Pursuant to the Applicable Law, the Data Controller informs that Users have the right to obtain the indication of (i) the origin of the personal data; (ii) the purposes and methods of processing; (iii) the logic applied in the case of processing carried out with the aid of electronic tools; (iv) the identifying details of the data controller and processors; (v) the persons or categories of persons to whom the personal data may be communicated or who may become aware of them as processors or appointees.

Furthermore, Users have the right to obtain:
a) access, updating, rectification or, where they have an interest, integration of the data;
b) the deletion, anonymization or restriction of data processed in violation of the law, including data whose retention is not necessary in relation to the purposes for which the data were collected or subsequently processed;
c) certification that the operations referred to in letters a) and b) have been brought to the attention, also as regards their content, of those to whom the data have been communicated or disseminated, except in cases where such fulfillment proves impossible or involves a use of means manifestly disproportionate to the protected right.

In addition, Users have:
a) the right to revoke consent at any time, where the processing is based on their consent;
b) the right (where applicable) to data portability (the right to receive all personal data concerning them in a structured, commonly used and machine-readable format);
c) the right to object:
i) in whole or in part, for legitimate reasons, to the processing of personal data concerning them, even if pertinent to the purpose of collection.
ii) in whole or in part, to the processing of personal data concerning them for the purposes of sending advertising material or direct sales or for carrying out market research or commercial communication;
iii) where personal data are processed for direct marketing purposes, at any time, to the processing of their data carried out for such purpose, including profiling to the extent that it is connected to such direct marketing.
d) where they consider that the processing concerning them violates the Regulation, the right to lodge a complaint with a Supervisory Authority (in the Member State in which they habitually reside, in the one in which they work or in the one in which the alleged violation occurred).

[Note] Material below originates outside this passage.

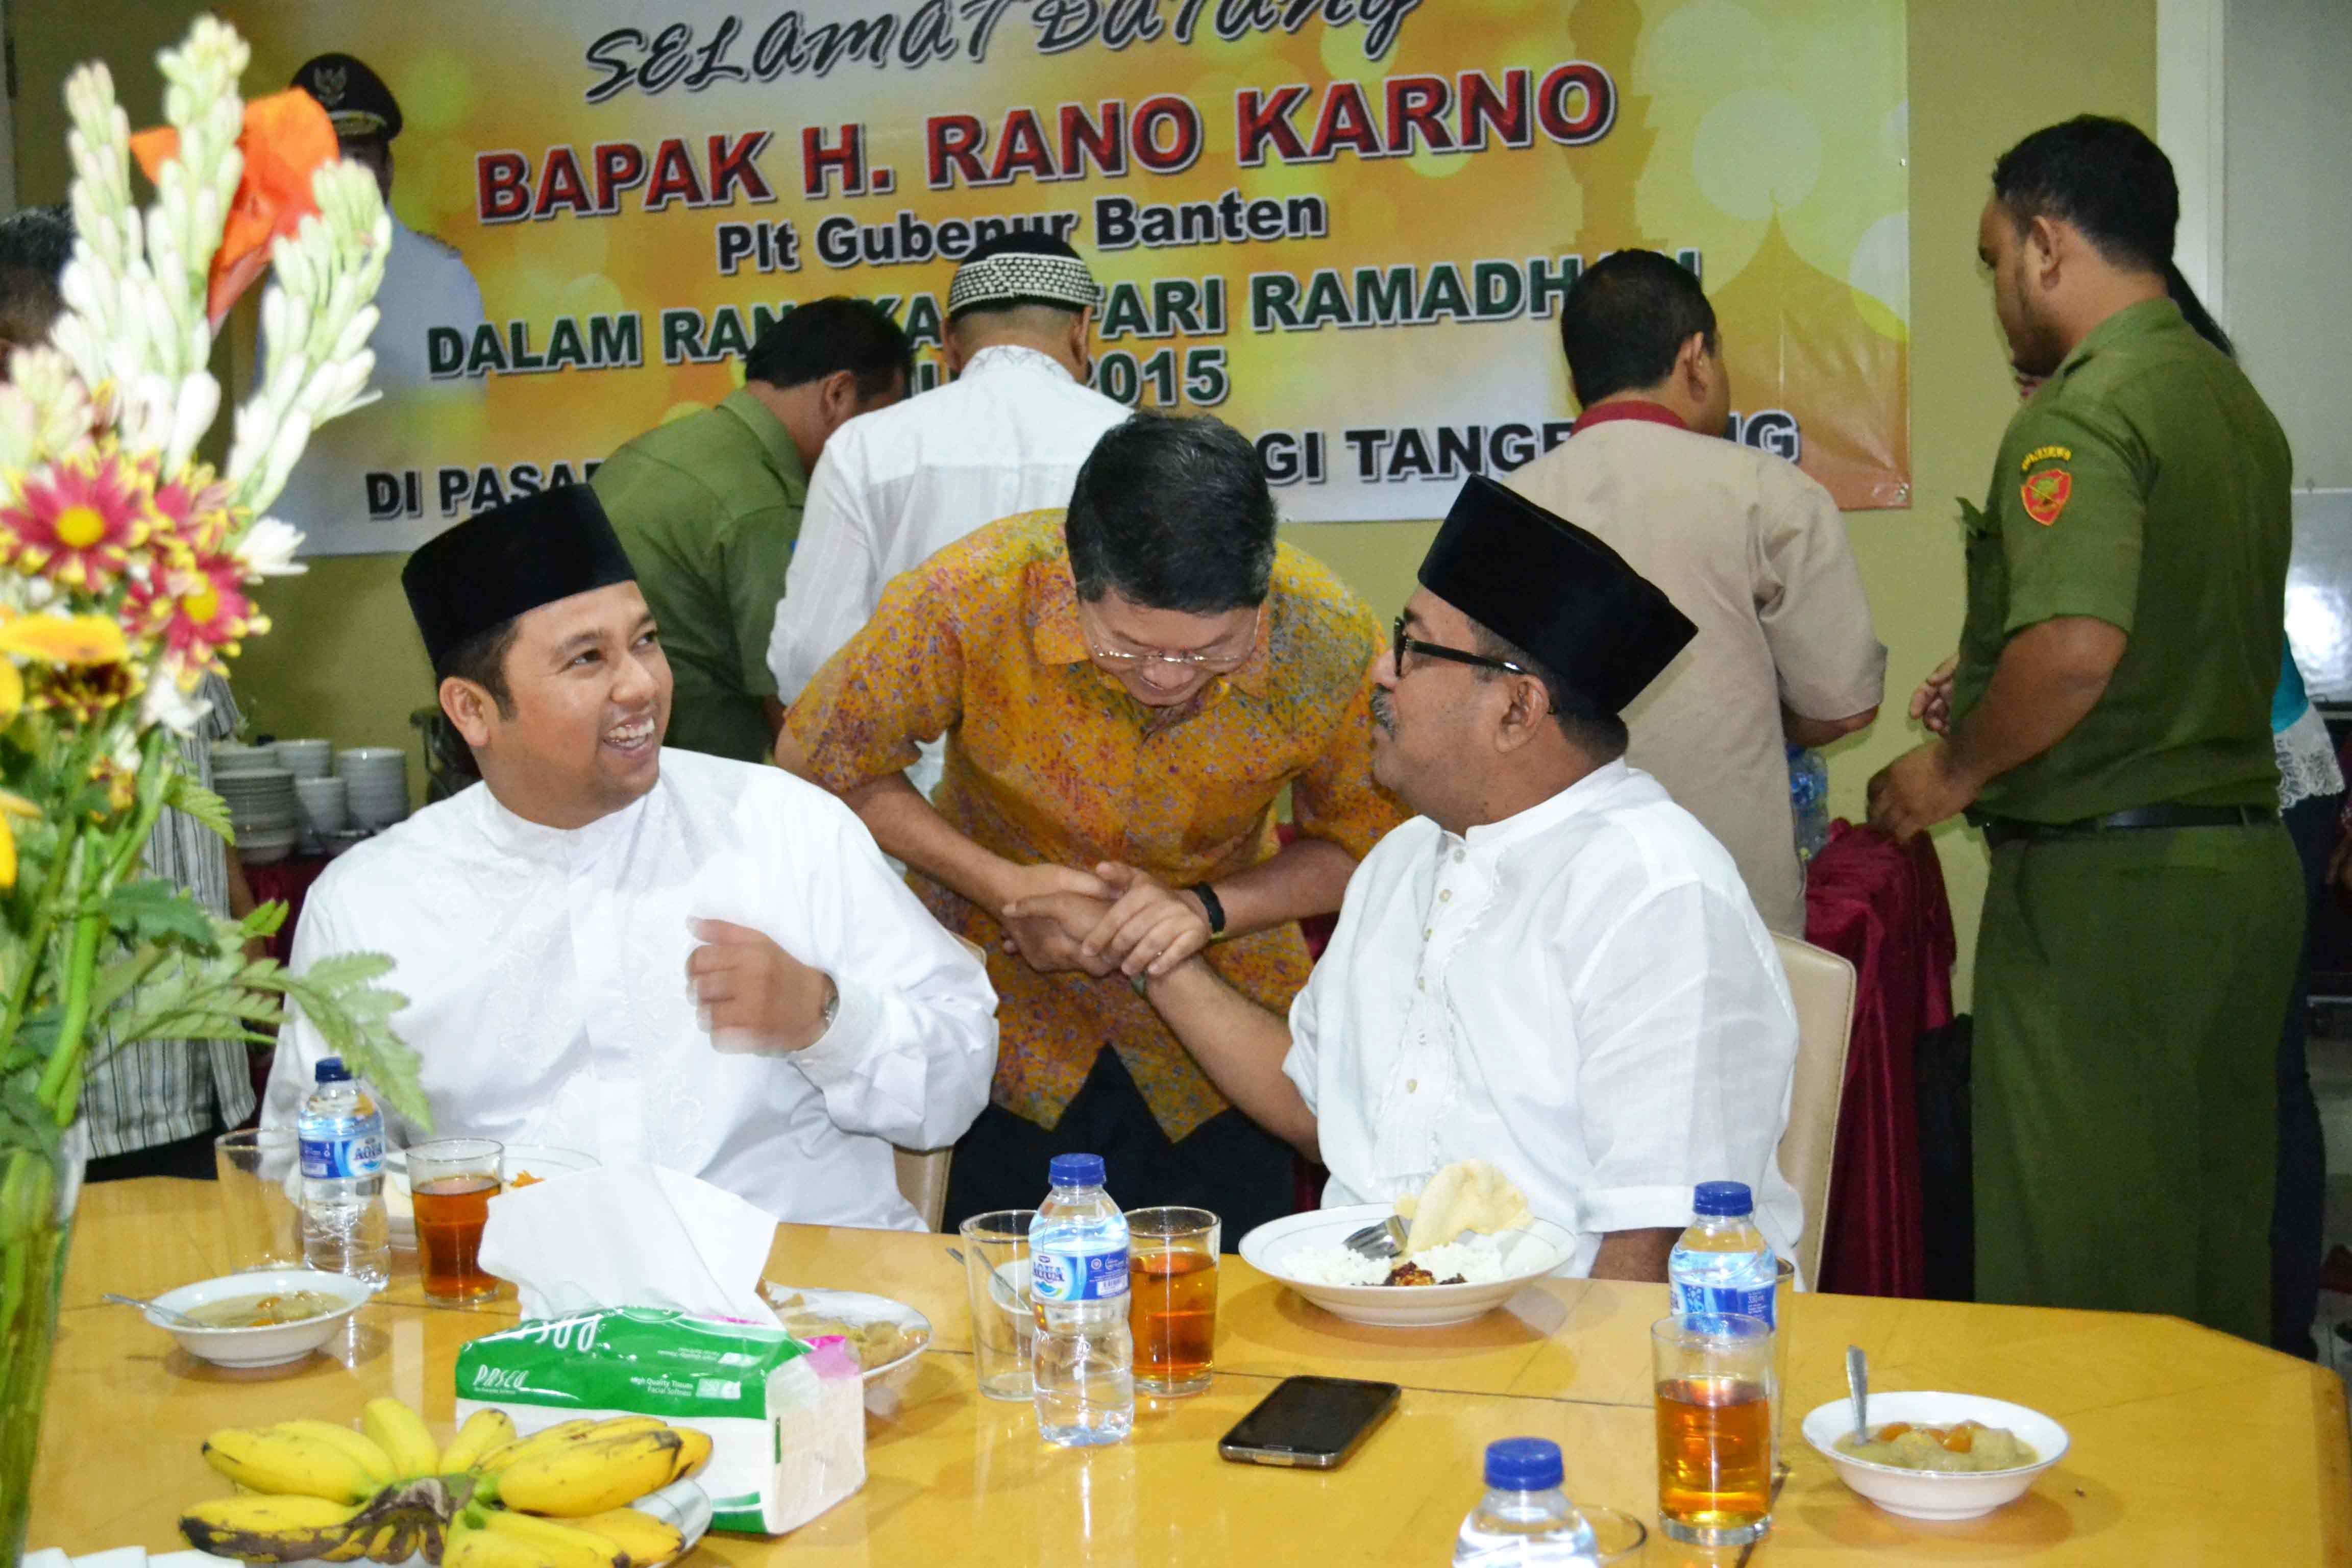 Kunjungan Pejabat Negara,Rano karno ( Wakil Gubernur Tangerang ), dan Arief Rachadiono Wismansyah ( Wakil Wali kota Tangerang ), Pasar Induk Tanah Tinggi

The Italian Supervisory Authority is the Garante per la protezione dei dati personali, with offices in Piazza Venezia no. 11, 00187 Rome (http://www.garanteprivacy.it/).

 

 

The Data Controller is not responsible for the updating of all the links displayed in this Notice; therefore, whenever a link is not functioning and/or updated, Users acknowledge and accept that they must always refer to the document and/or section of the websites referred to by such link.